## Work to be completed
The entries shown here must be retyped in full, with no pictures included.

## Data
▽

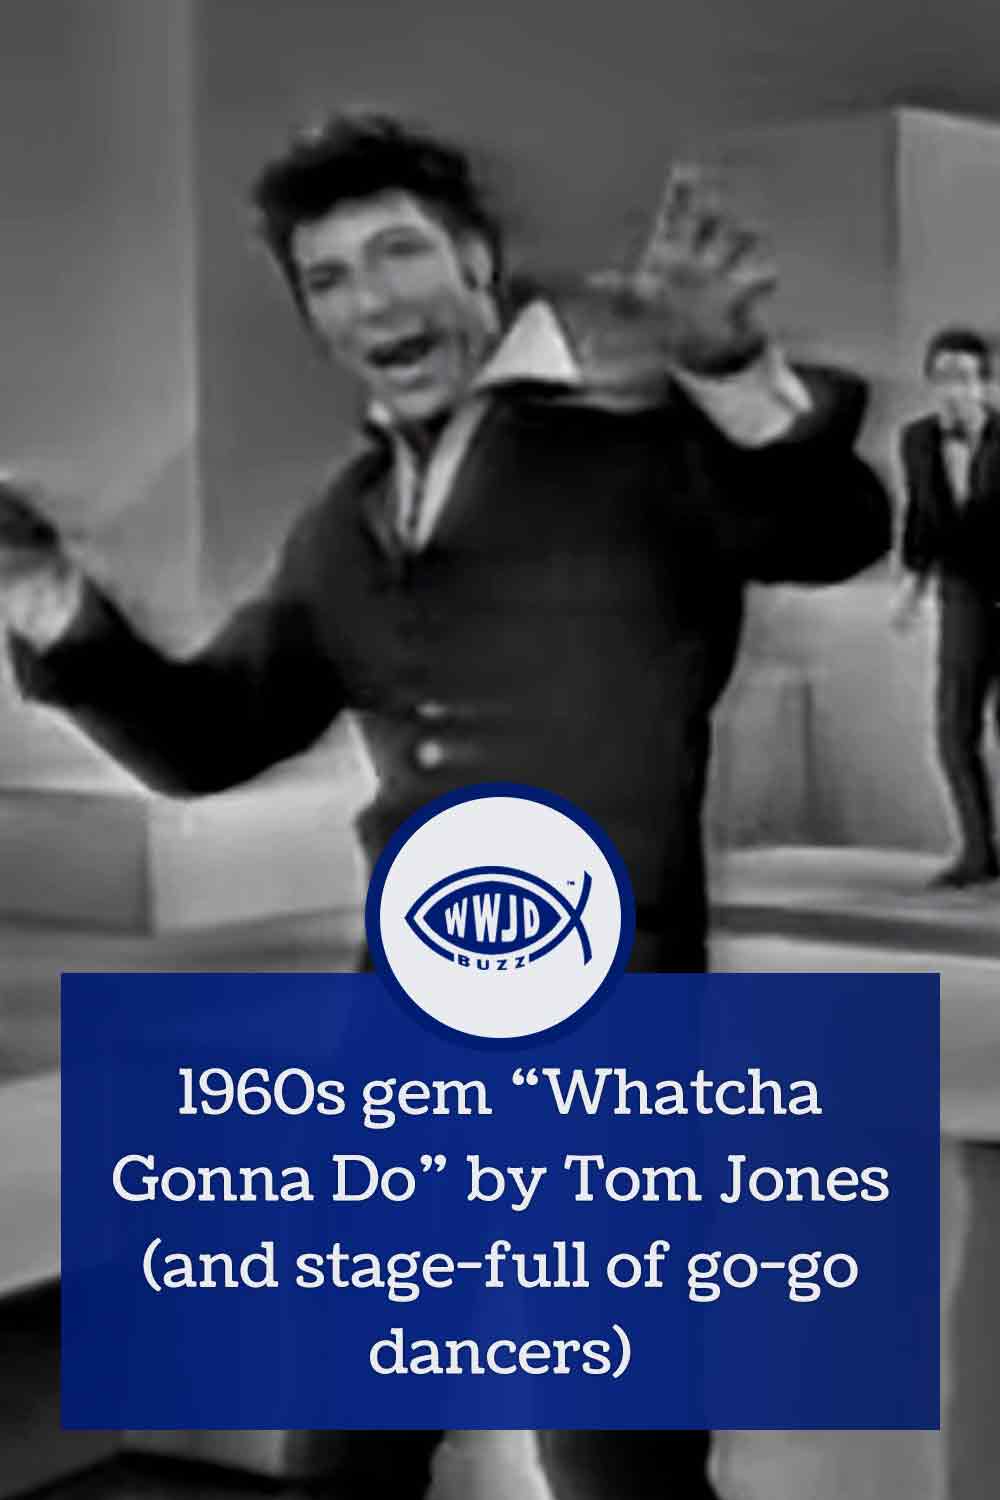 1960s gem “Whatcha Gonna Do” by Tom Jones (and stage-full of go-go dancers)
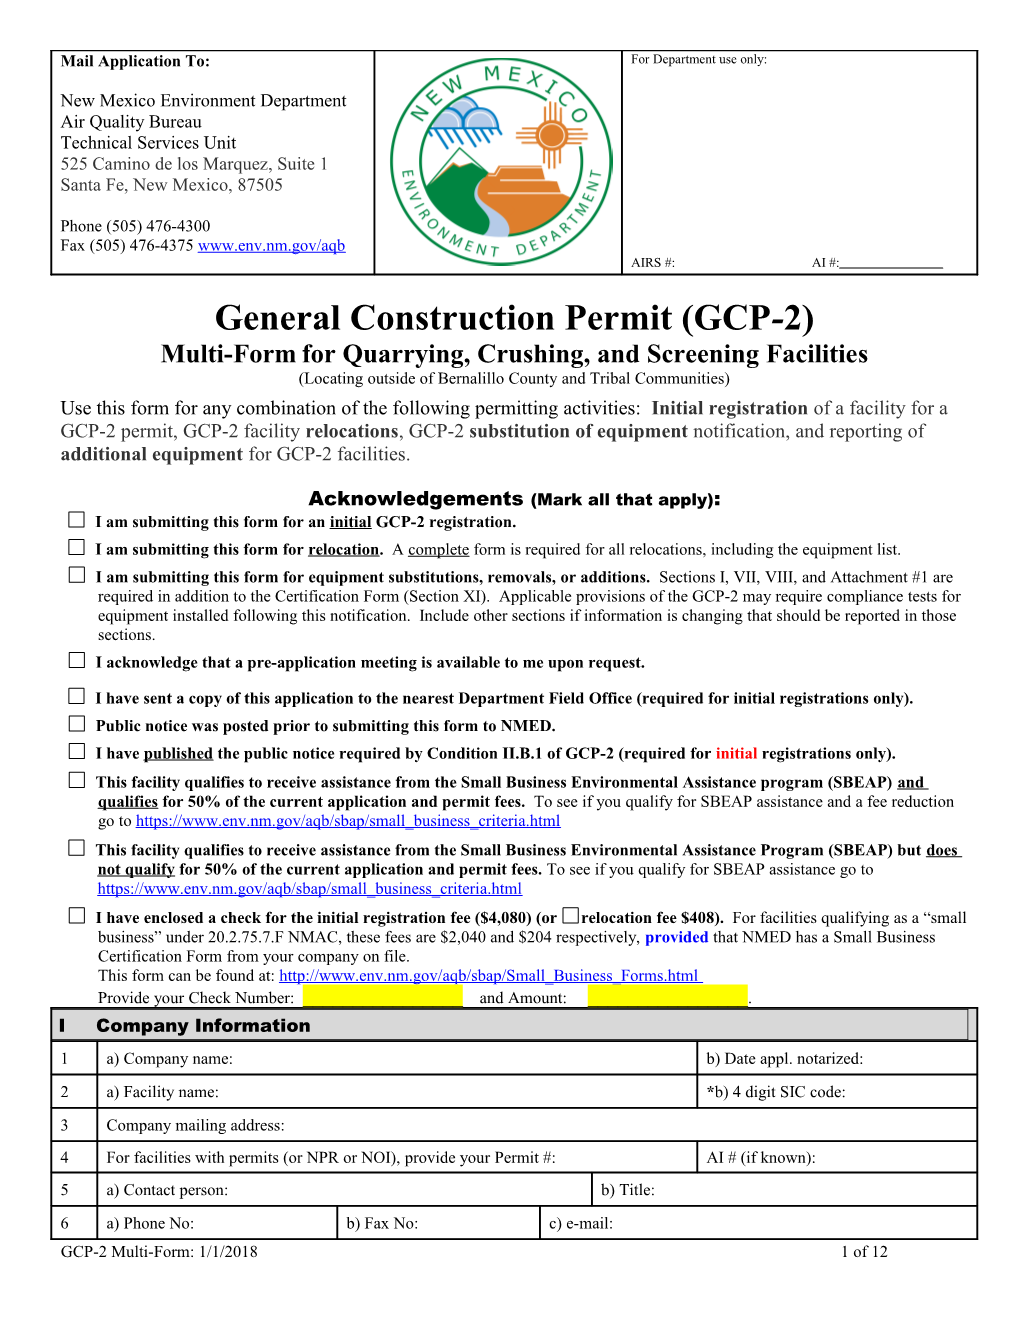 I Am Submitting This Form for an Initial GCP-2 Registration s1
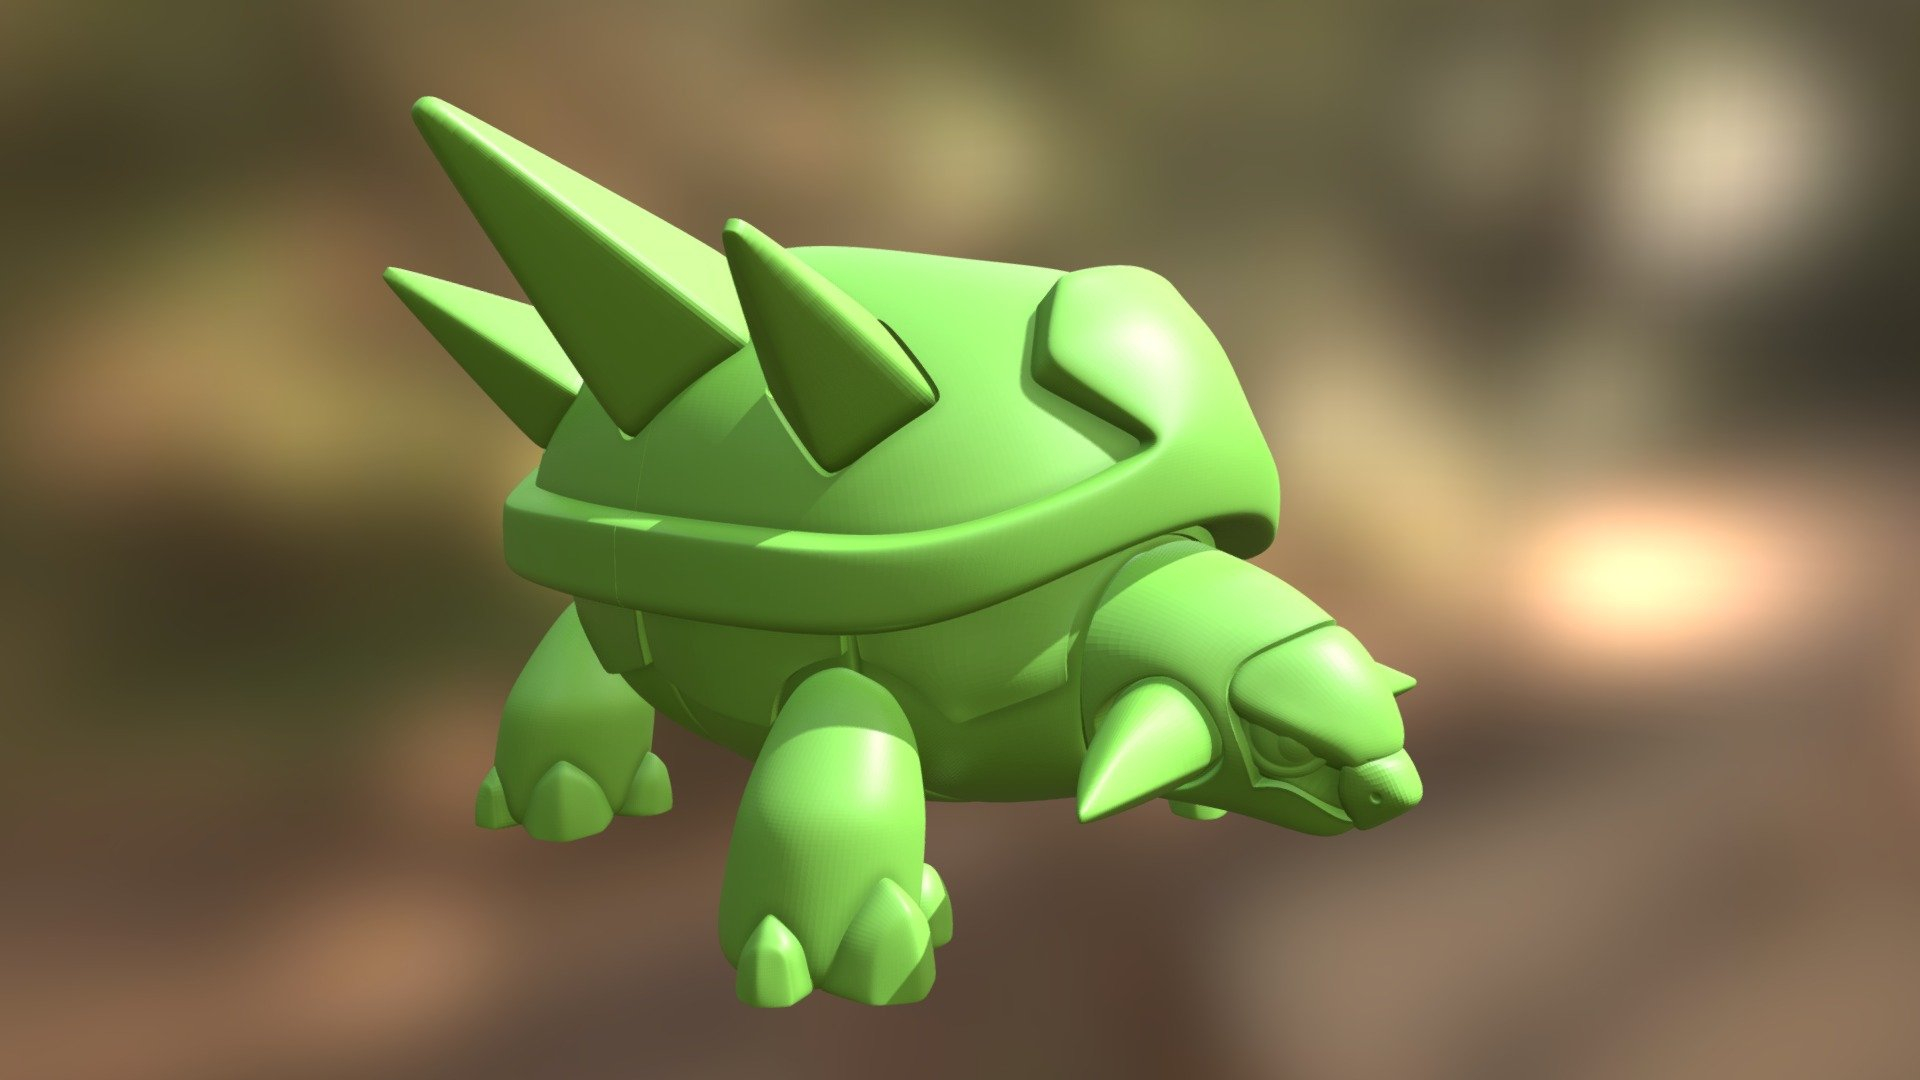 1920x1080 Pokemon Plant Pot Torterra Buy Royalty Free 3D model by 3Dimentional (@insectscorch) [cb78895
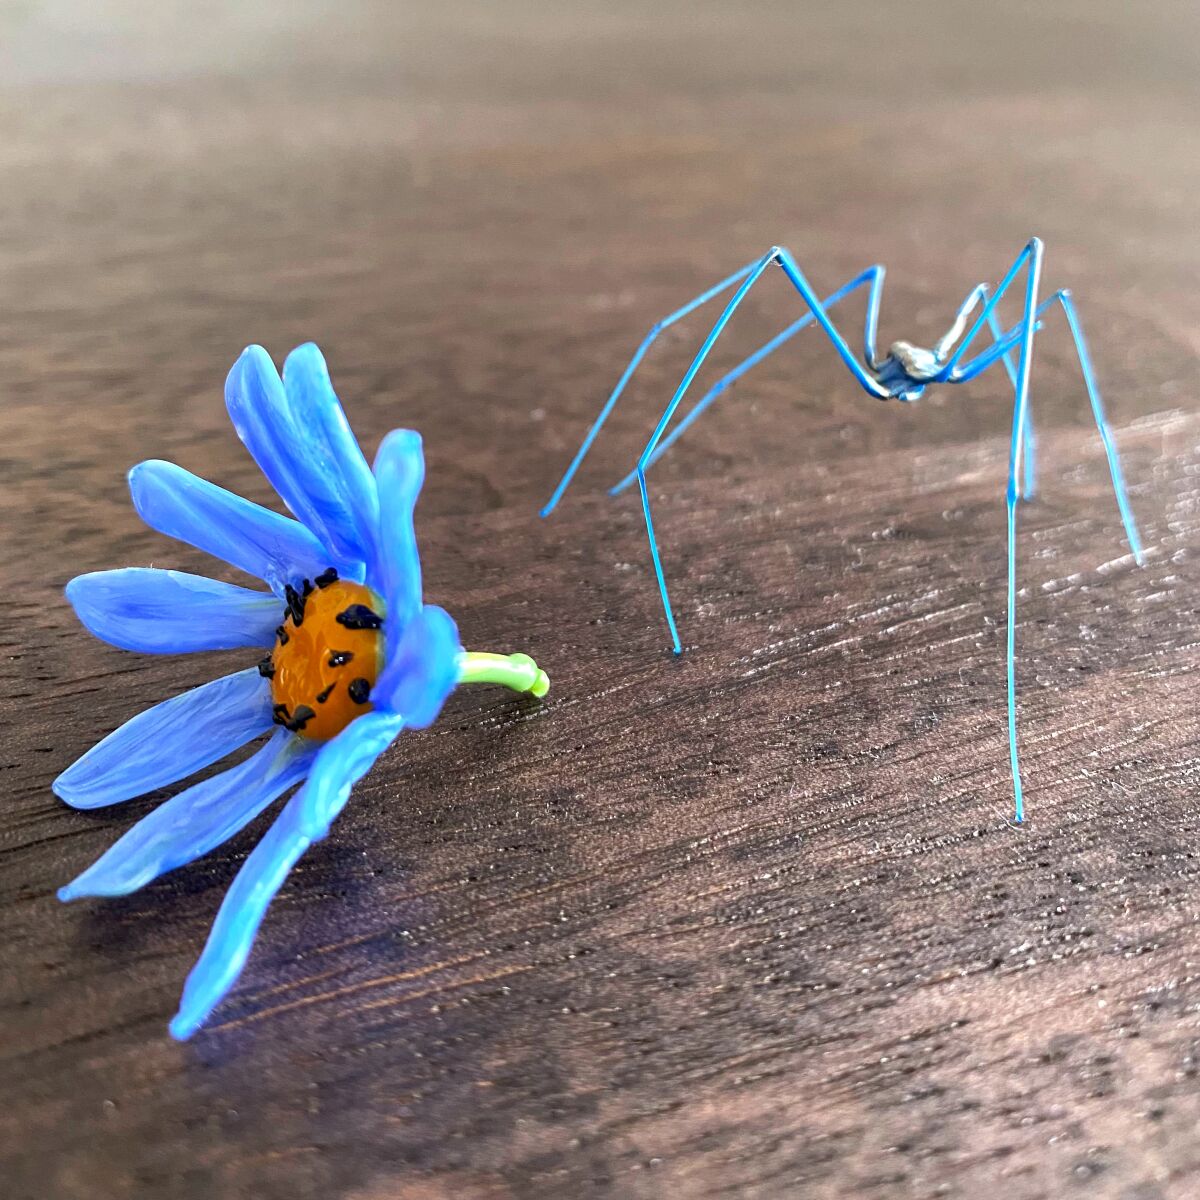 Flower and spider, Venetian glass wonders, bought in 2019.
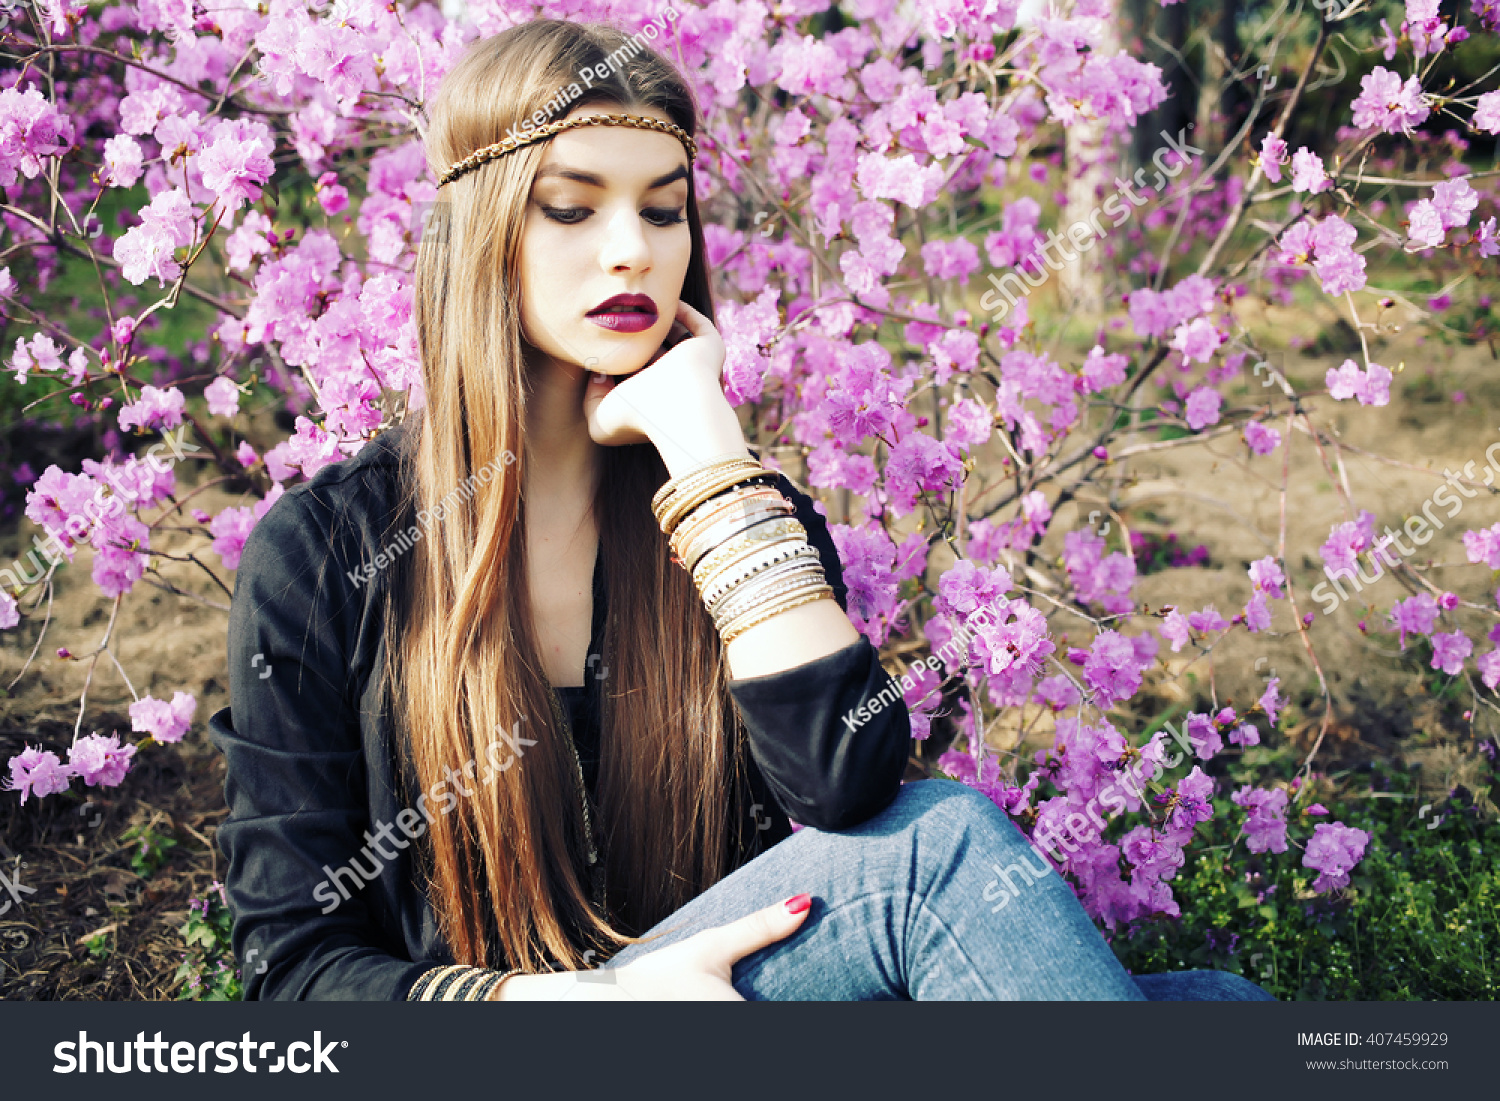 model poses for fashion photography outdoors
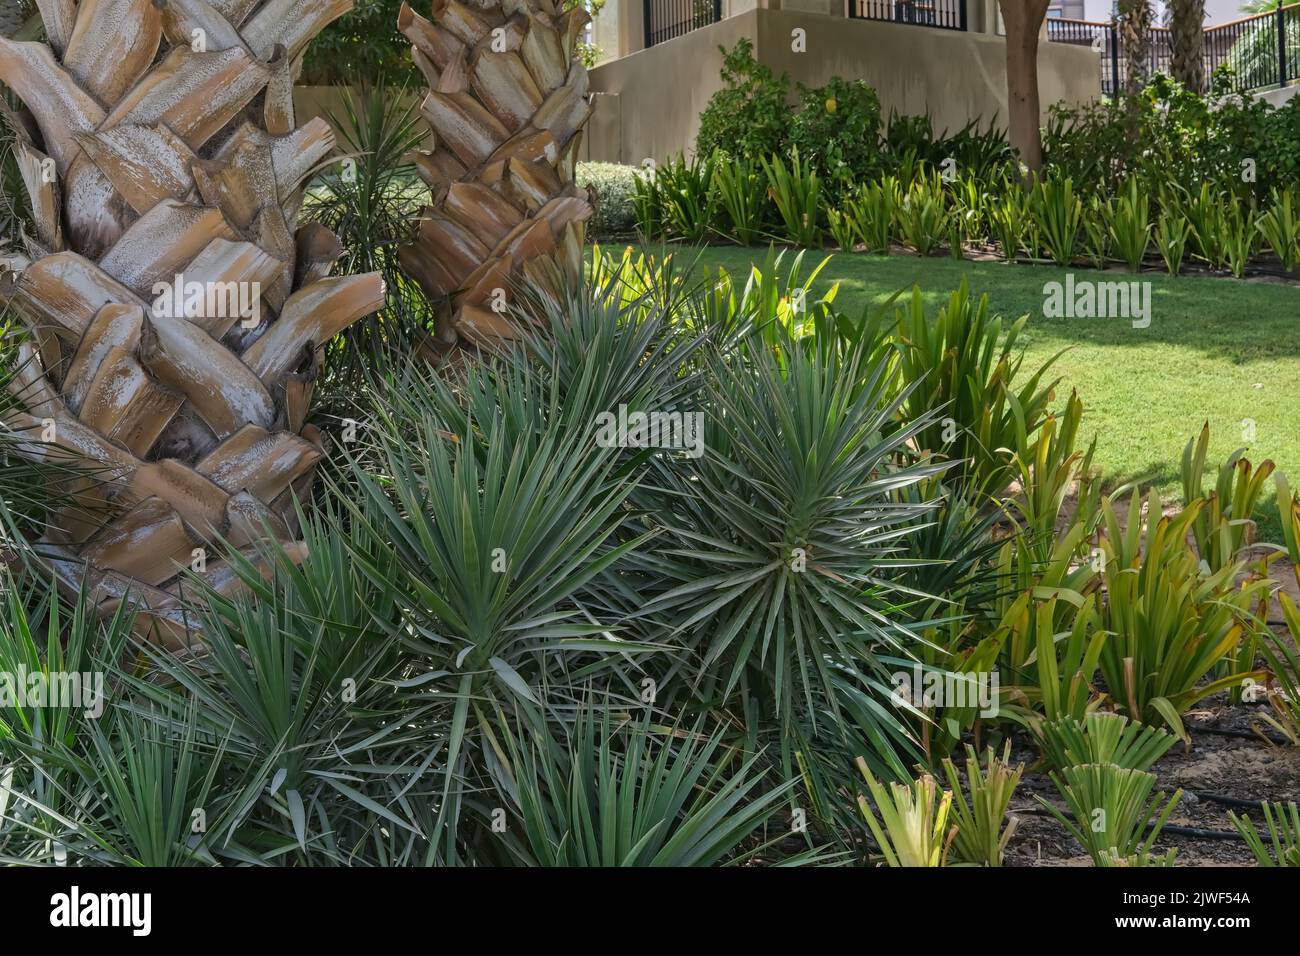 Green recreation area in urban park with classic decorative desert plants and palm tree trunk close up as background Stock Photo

△

## Result of the exercise
 1960s gem “Whatcha Gonna Do” by Tom Jones (and stage-full of go-go dancers)
 I Am Submitting This Form for an Initial GCP-2 Registration s1
 1920x1080 Pokemon Plant Pot Torterra Buy Royalty Free 3D model by 3Dimentional (@insectscorch) [cb78895
 Flower and spider, Venetian glass wonders, bought in 2019.
 model poses for fashion photography outdoors
 Green recreation area in urban park with classic decorative desert plants and palm tree trunk close up as background Stock Photo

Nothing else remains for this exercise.